YOUR GOAL: Beginning with the line that contains "Gyoza Dumplings Shrimp mr.400g", copy each subsequent line of the data below through the last one, including both ends but not the pictures.

PROVIDED DATA:
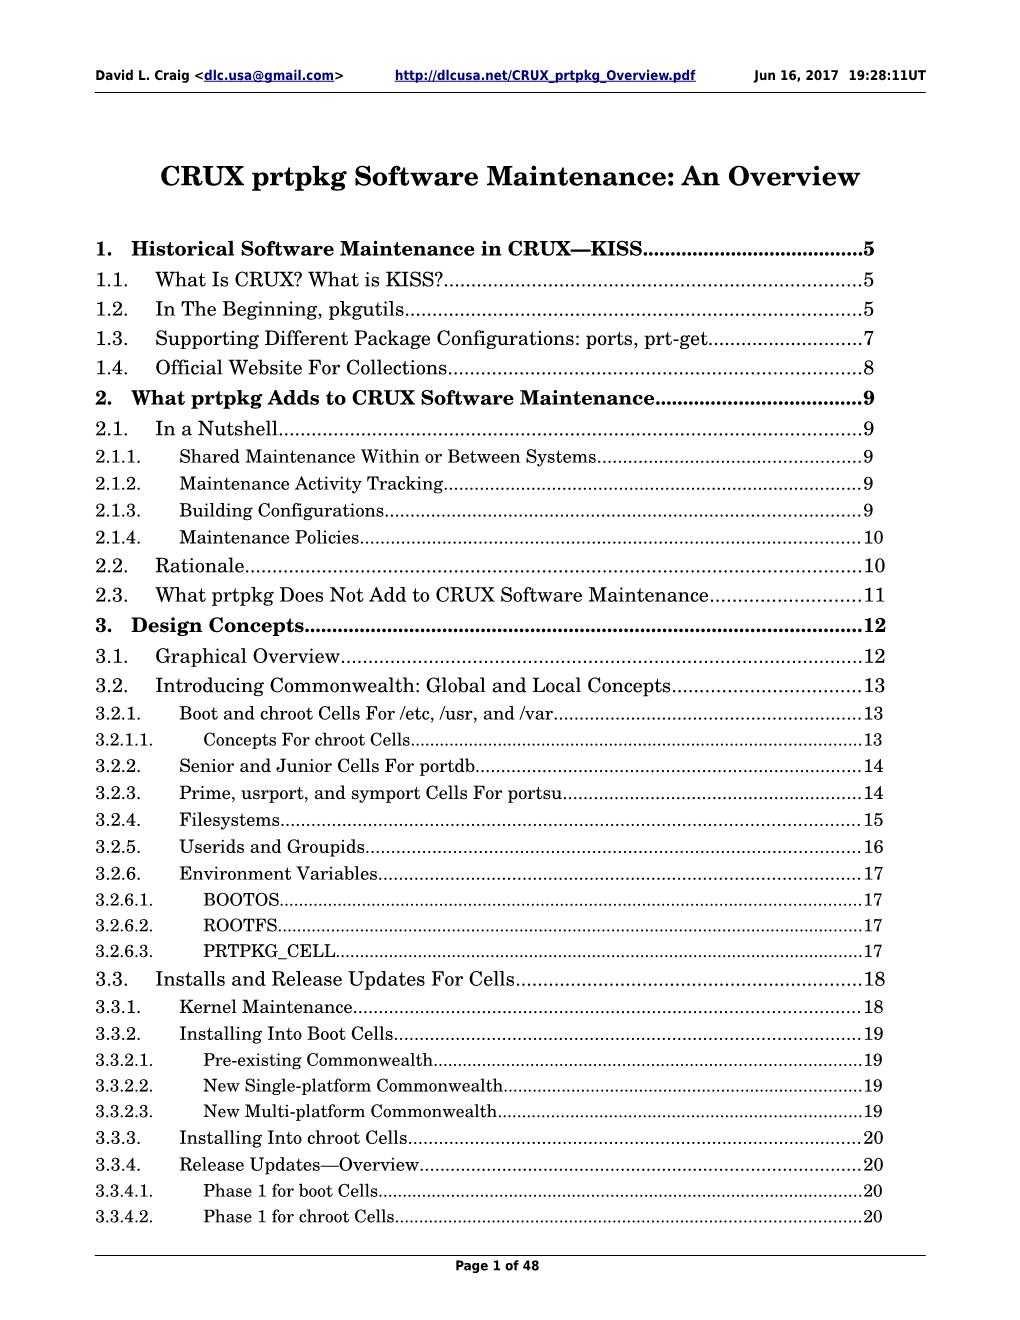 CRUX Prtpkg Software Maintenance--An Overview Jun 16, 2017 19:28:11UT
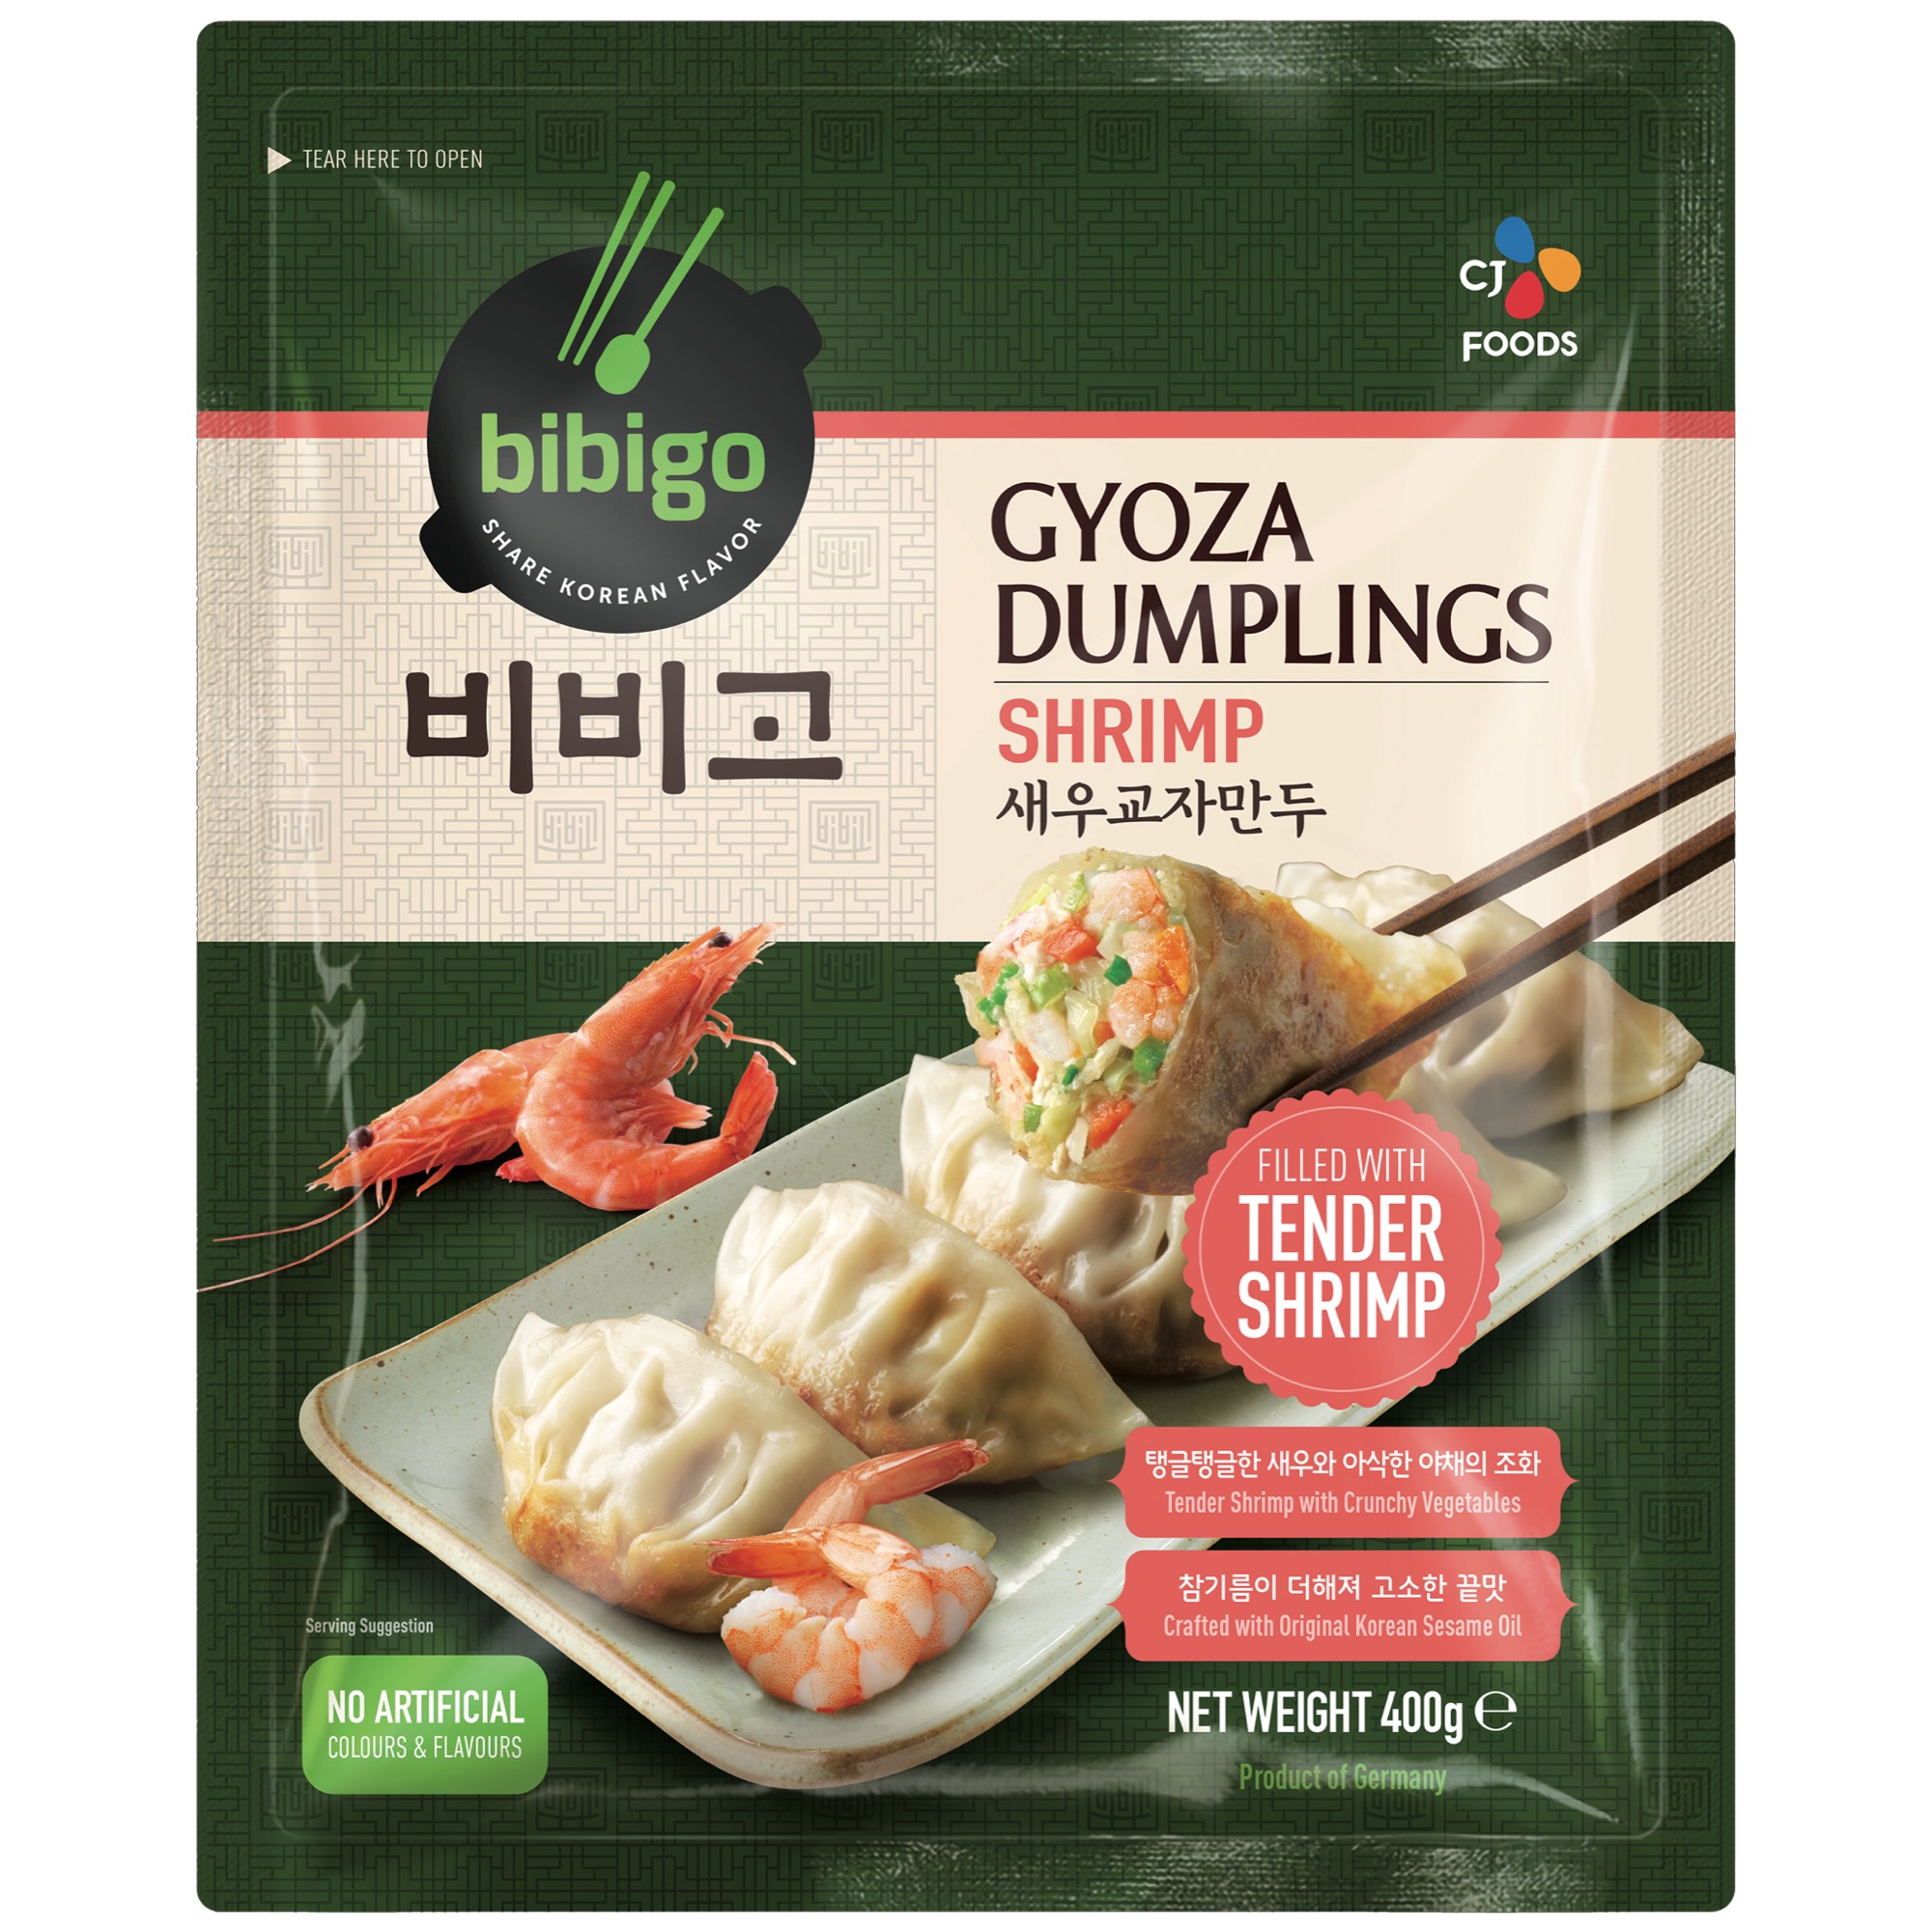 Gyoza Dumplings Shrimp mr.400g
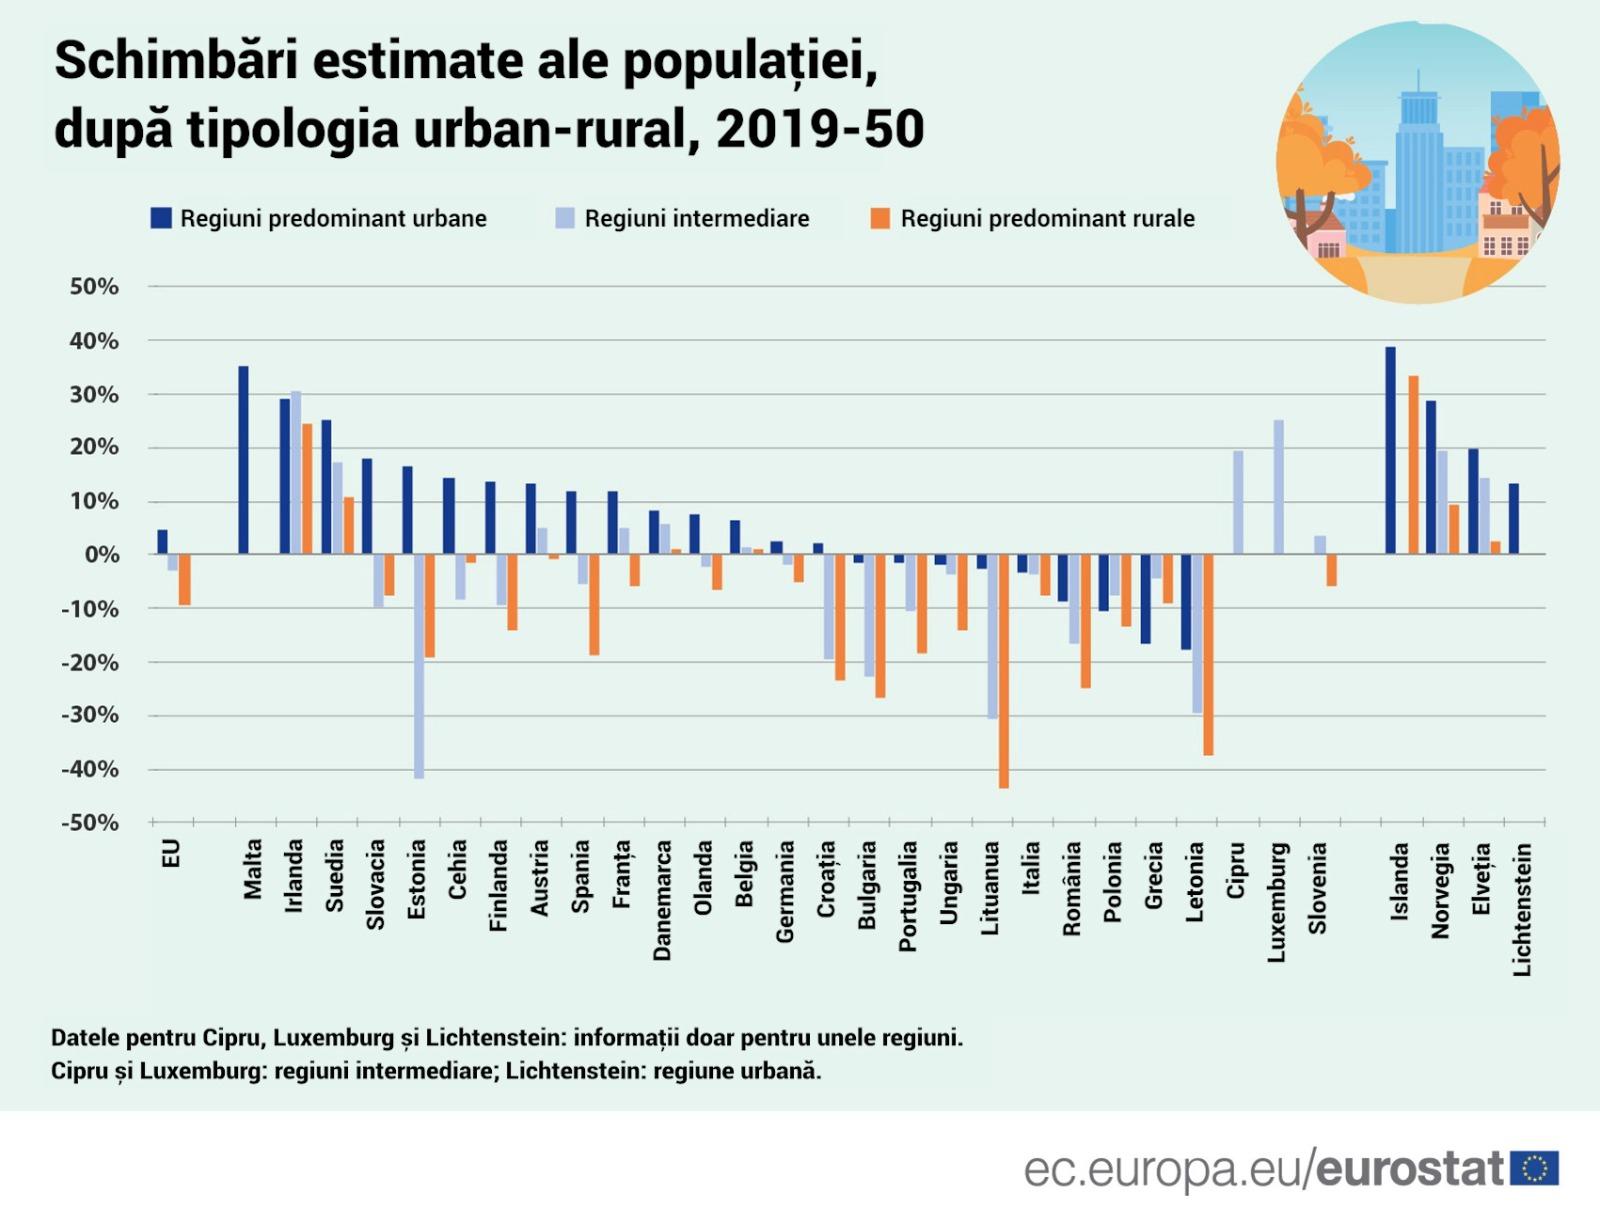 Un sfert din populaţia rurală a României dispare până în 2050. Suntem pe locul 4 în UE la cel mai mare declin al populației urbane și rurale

SOLUTION FOR THIS PROBLEM:
 Gyoza Dumplings Shrimp mr.400g
 Un sfert din populaţia rurală a României dispare până în 2050. Suntem pe locul 4 în UE la cel mai mare declin al populației urbane și rurale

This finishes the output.